A sure hit for punters is Aaron James McGally’s Big Little Things, where the artist has punched the delicate little fairy wren into giant proportions. Created from rubbish, the message is about bringing little things into big focus.
Other commendable works include Louis Pratt’s figurative sculpture Regret, constructed from coal and a symbol of decaying at his own making; Linda Sok’s Tunnels, which echo the patterns of the Scribbly Gum (Eucalyptus haemastoma); and Natasha Abram’s simple totemic work Caution: Subject to Drought, which inverts the classic flood metre as a measure of the danger of water levels being too low.

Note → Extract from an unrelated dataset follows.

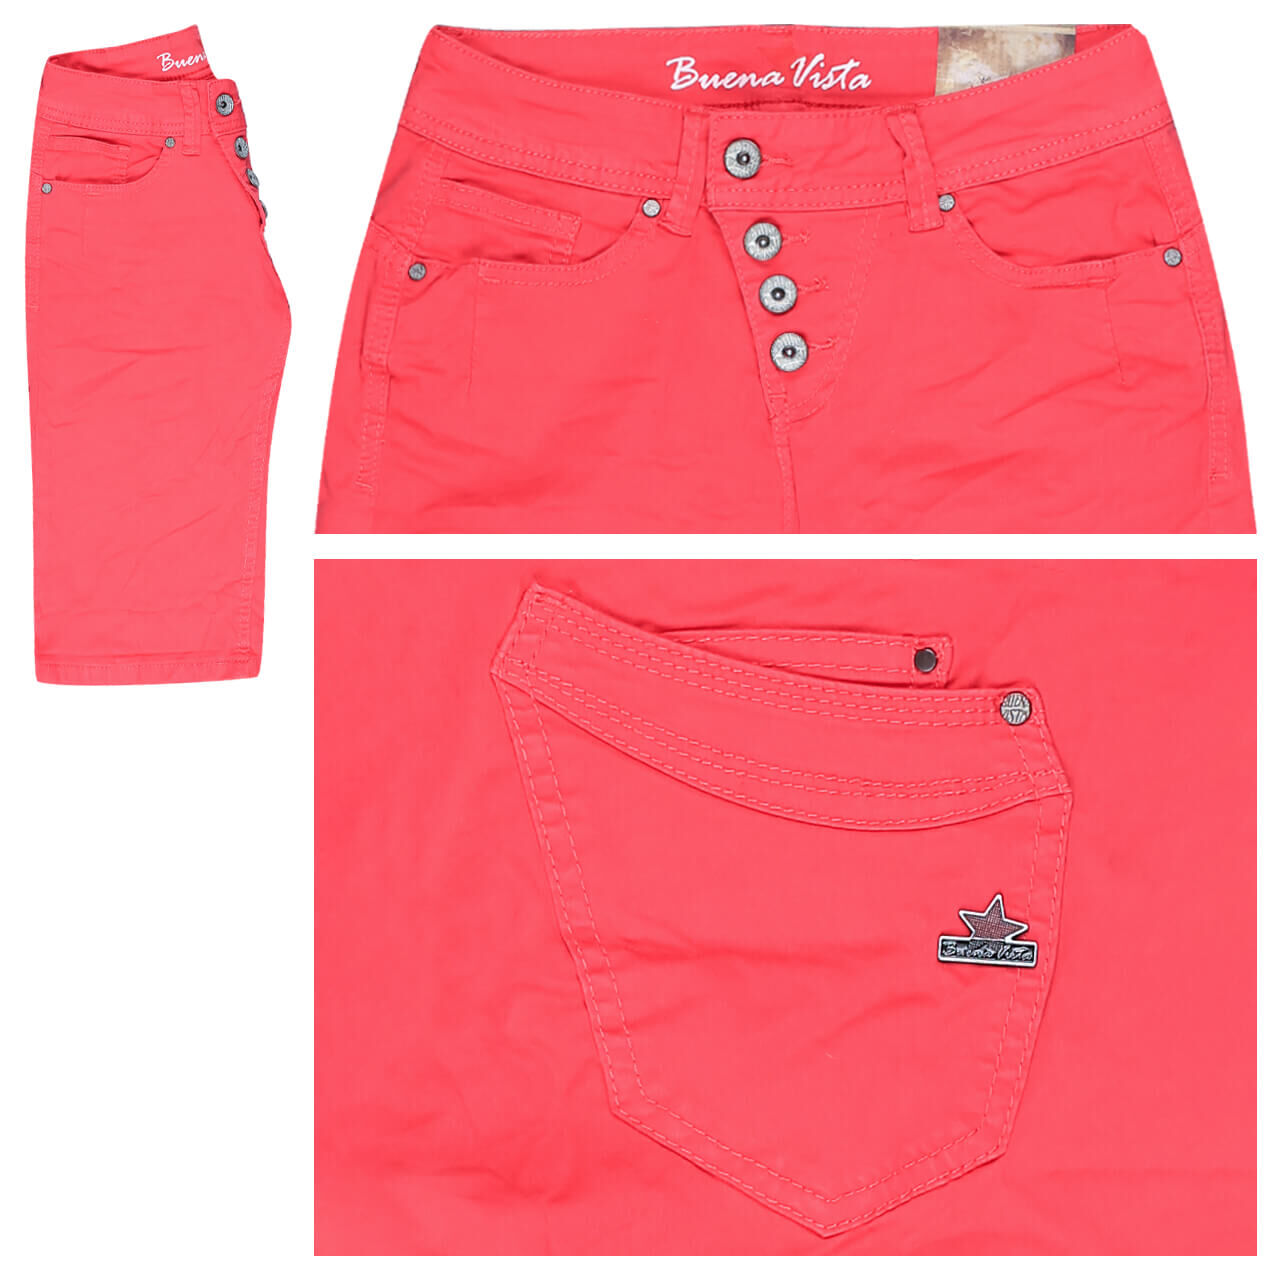 Buena Vista Malibu-Short Stretch Twill Baumwollhose für Damen in Rot, FarbNr.: 4411

Linda Sok’s Tunnels (2019), Unearthed Eden Gardens; photo ArtsHub
I echo the words of Allan Giddy, one of the Eden Unearthed judges and Director of the Environmental Research Initiative for Art (ERIA) at UNSW, when he says: ‘Opportunities like this, arising out of a genuine desire to support and propagate (to use a horticultural metaphor) visual art, serve both to expand the field of practice, and also to expose the general public to the latest in 21st century visual thinking.’
Viewing Unearthed I was really heartened by the embeddedness of this project to place art – and the conversations it can create – into an enterprise that is largely patronised by a conventional non-art-going audience.
Further, it is not a case of just paying a bunch of artists a fee and use their work for six months; Eden have developed an engaging program of events around the exhibition and its environmental message, as well as an online resource.
It is a great lesson to philanthropists wanting to impact change.